March 19 (UPI) — President Donald Trump fired the FTC’s only two Democratic commissioners, prompting a hearing Wednesday on claims that they were terminated illegally.
Democrat FTC commissioners Alvaro Bedoya and Rebecca Kelly Slaughter alleged that Trump criminally terminated them as a White House official confirmed their dismissals but did not provide further details.
“I’m a commissioner at the Federal Trade Commission. The president just illegally fired me,” Bedoya wrote on X Tuesday, adding he’d be testifying Wednesday “before the Colorado Joint House and Senate Judiciary Committees and will have more to say then.”
Slaughter said in a statement that she was let go “because I have a voice,” and that Trump is afraid “of what I’ll tell the American people.”

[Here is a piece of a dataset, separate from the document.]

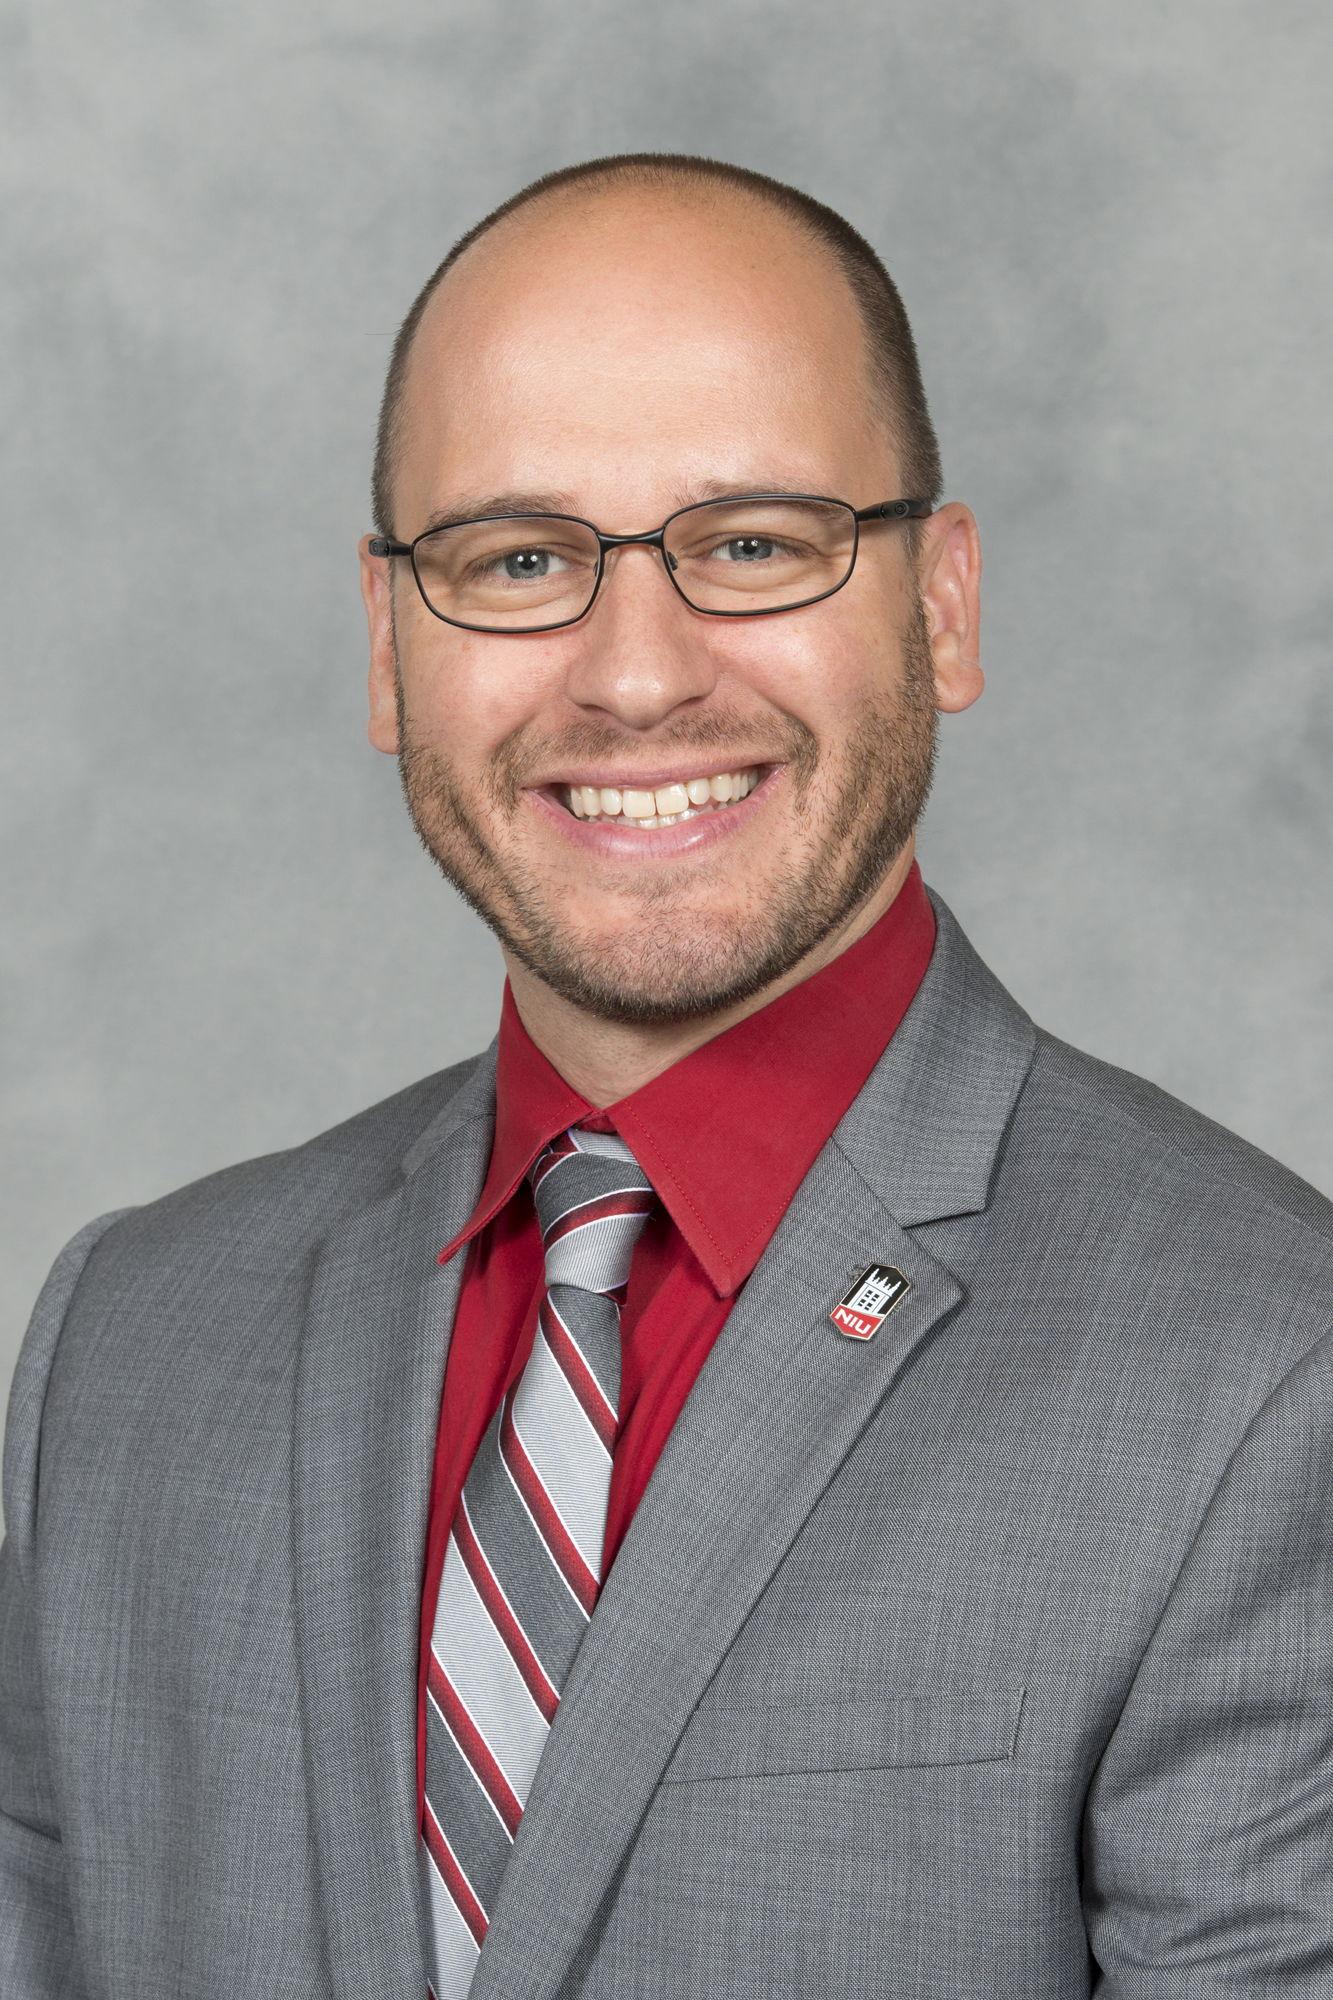 Nicholas E. Grahovec, PhD, LAT, ATC, CSCS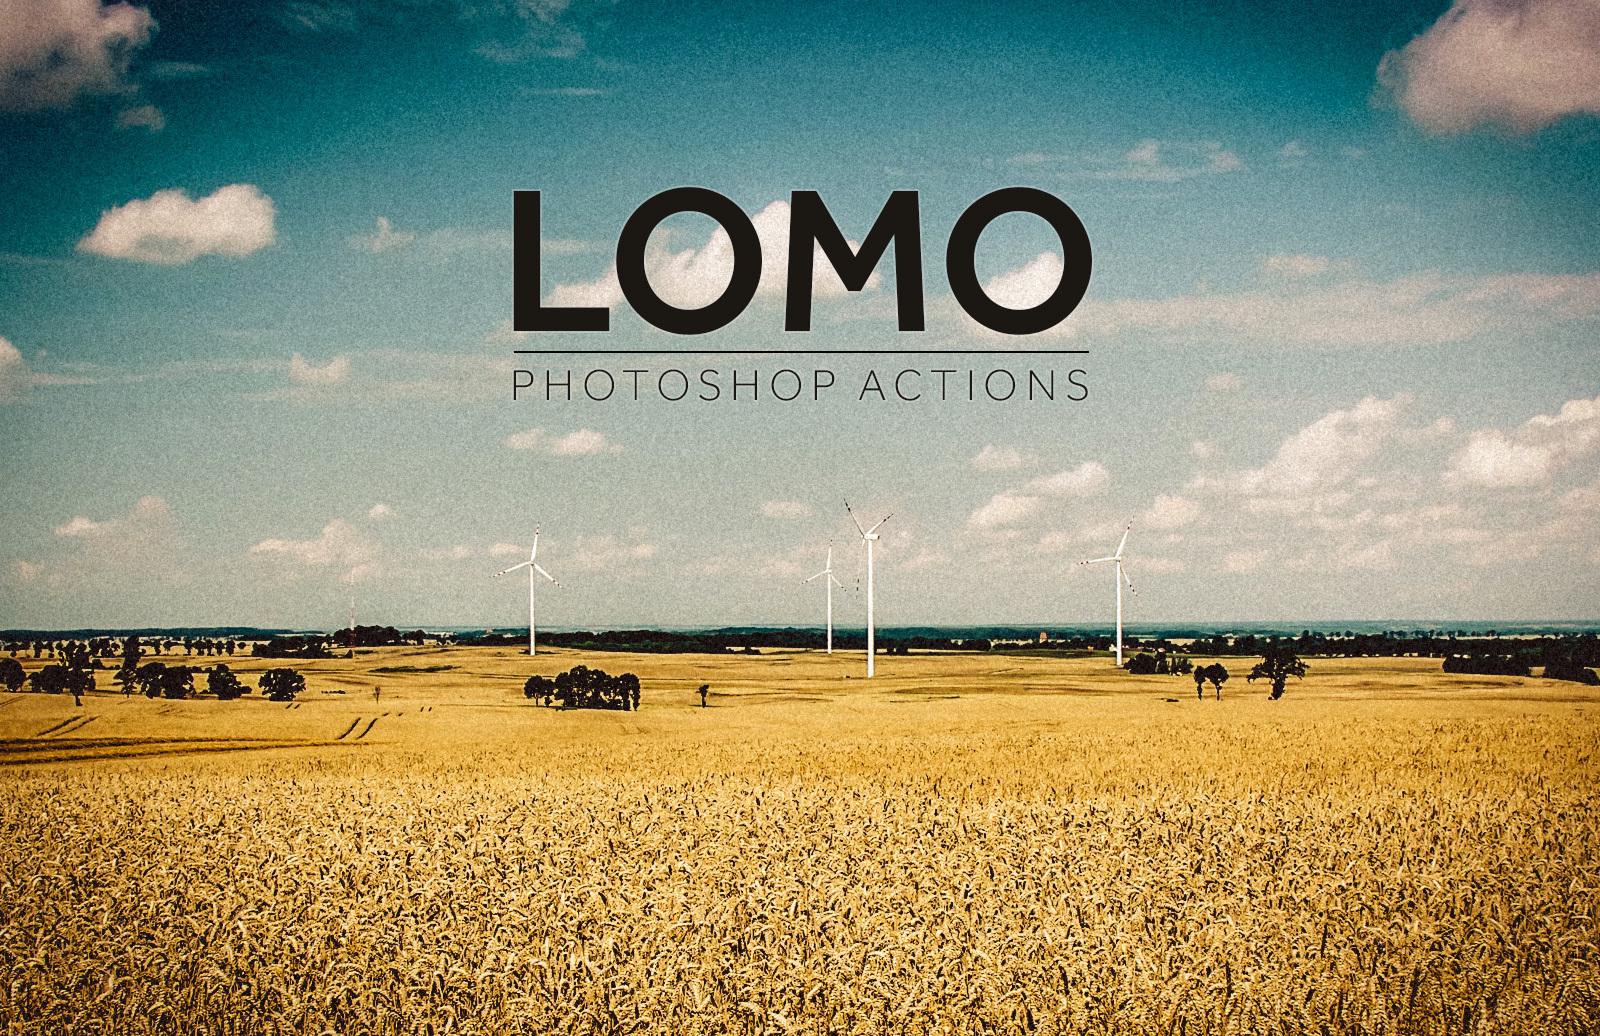 Lomo Photoshop Action 1

The FTC is an independent agency that protects consumers from shady business practices, and both Bedoya and Slaughter could only be dismissed from duty “by the president for inefficiency, neglect of duty, or malfeasance in office” as stated in the Humphrey’s Executor v. United States case decided by the U.S. Supreme Court in 1935.
“When Congress provides for the appointment of officers whose functions, like those of the Federal Trade Commissioners, are of Legislative and judicial quality, rather than executive and limits the grounds upon which they may be removed from office, the President has no constitutional power to remove them for reasons other than those so specified,” the case syllabus states.
However, Trump put out an executive order in February that insisted there is “no carve-out for so-called independent agencies” when it comes to executive power.
The order further decreed that regarding “so-called independent agencies” like the FTC “the president can now hold all federal agencies — not just Cabinet departments –responsible for their decisions.”
The board had been down a member when Trump arrived in office, leaving it deadlocked with Republicans Andrew Ferguson, who serves as chairperson, and Melissa Holyoak alongside Bedoya and Slaughter.
Trump has been trying to install a fifth member, Republican Mark Meador, but the U.S. Senate has yet to confirm him.
The boards can only feature three members from the same party, but with the expulsions of Bedoya and Slaughter, it is currently only a two-member, and all-Republican board.
Ferguson posted a statement to X Tuesday saying that Trump is “vested with all the power of the executive power in our government,” and that he has “no doubts about [Trump’s] constitutional authority to remove Commissioners,” before wishing “Slaughter and Bedoya well.”
Slaughter has since told reporters she plans to challenge the decision to fire her in court as well, that “We intend to fight this illegal attempt to fire us,” and “We are not going to go and we are certainly not going to go quietly.”